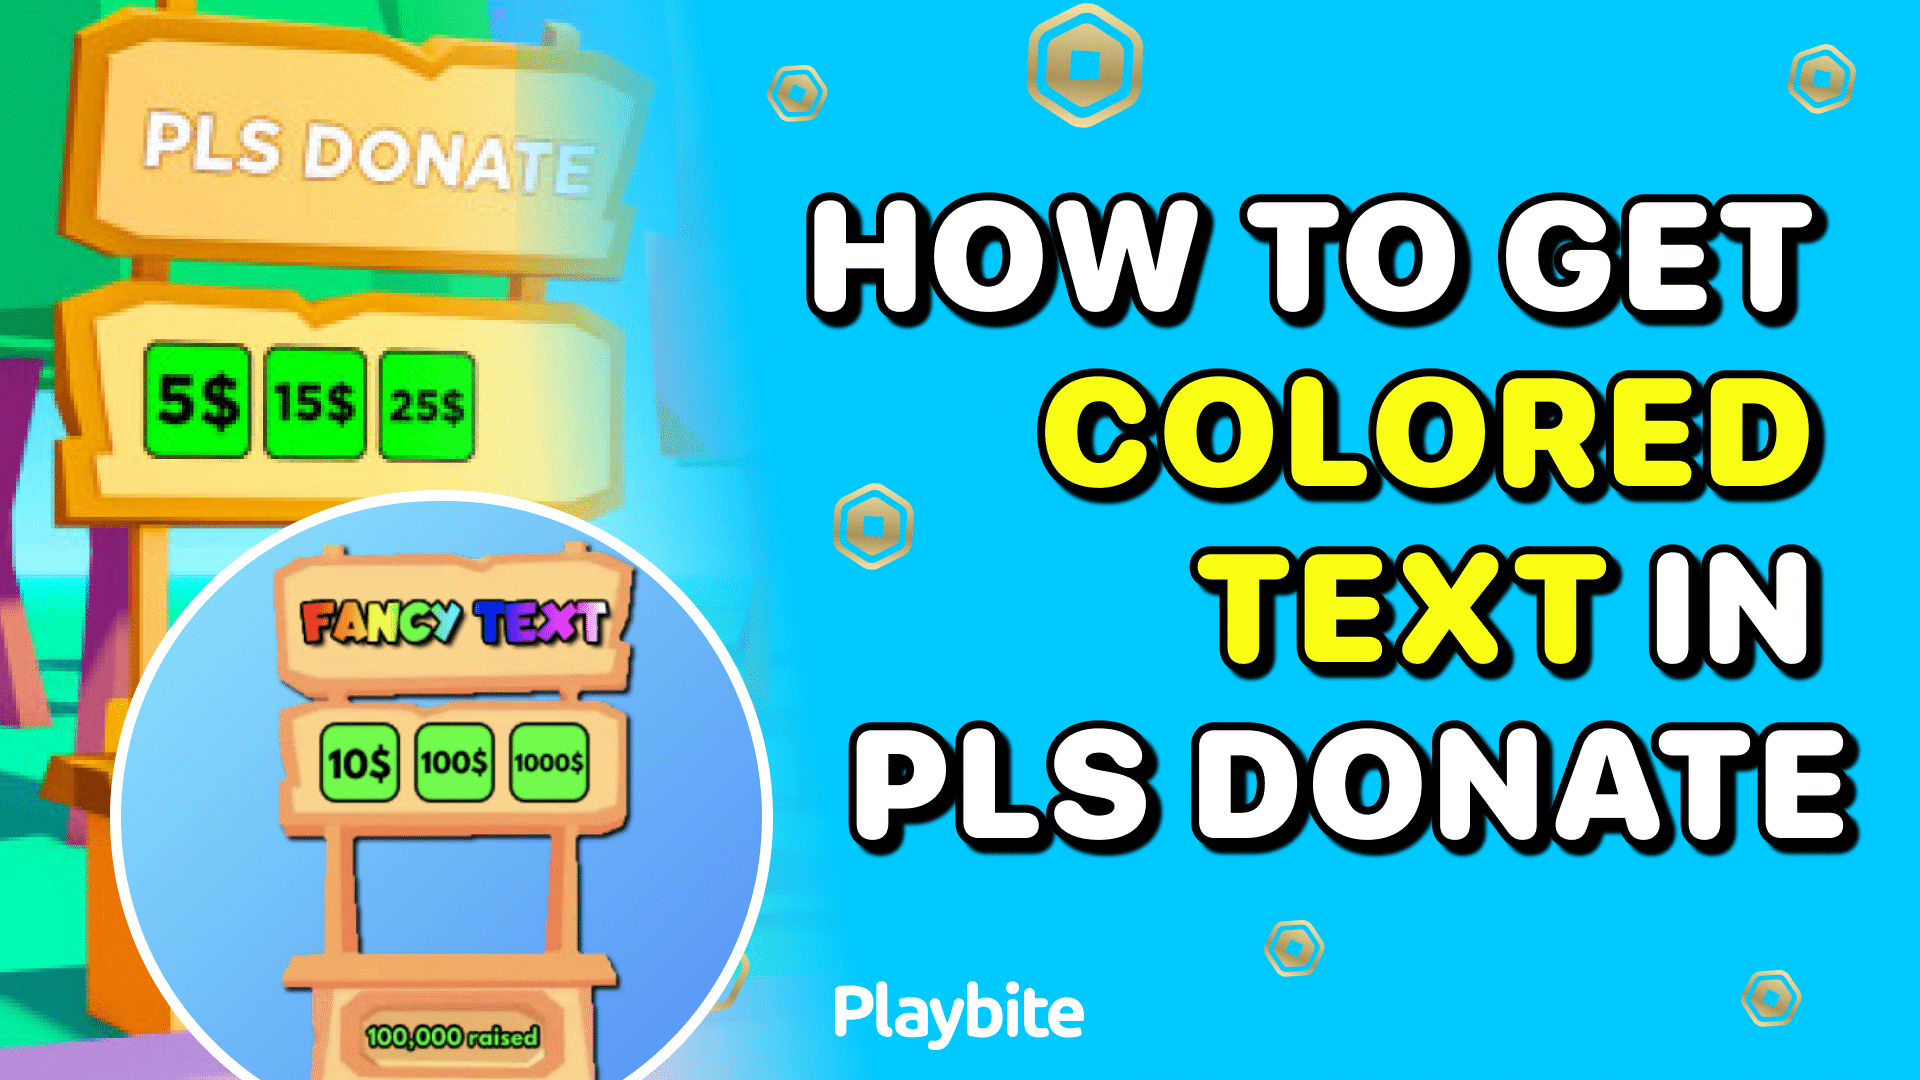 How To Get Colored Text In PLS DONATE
---
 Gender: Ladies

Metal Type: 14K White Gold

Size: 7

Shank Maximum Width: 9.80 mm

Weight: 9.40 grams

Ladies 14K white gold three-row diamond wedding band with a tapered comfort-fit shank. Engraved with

### Task description:
Lines in the records above that carry the word "Ladies" are to be located and copied.

### Reply to the task:
 Gender: Ladies
Ladies 14K white gold three-row diamond wedding band with a tapered comfort-fit shank. Engraved with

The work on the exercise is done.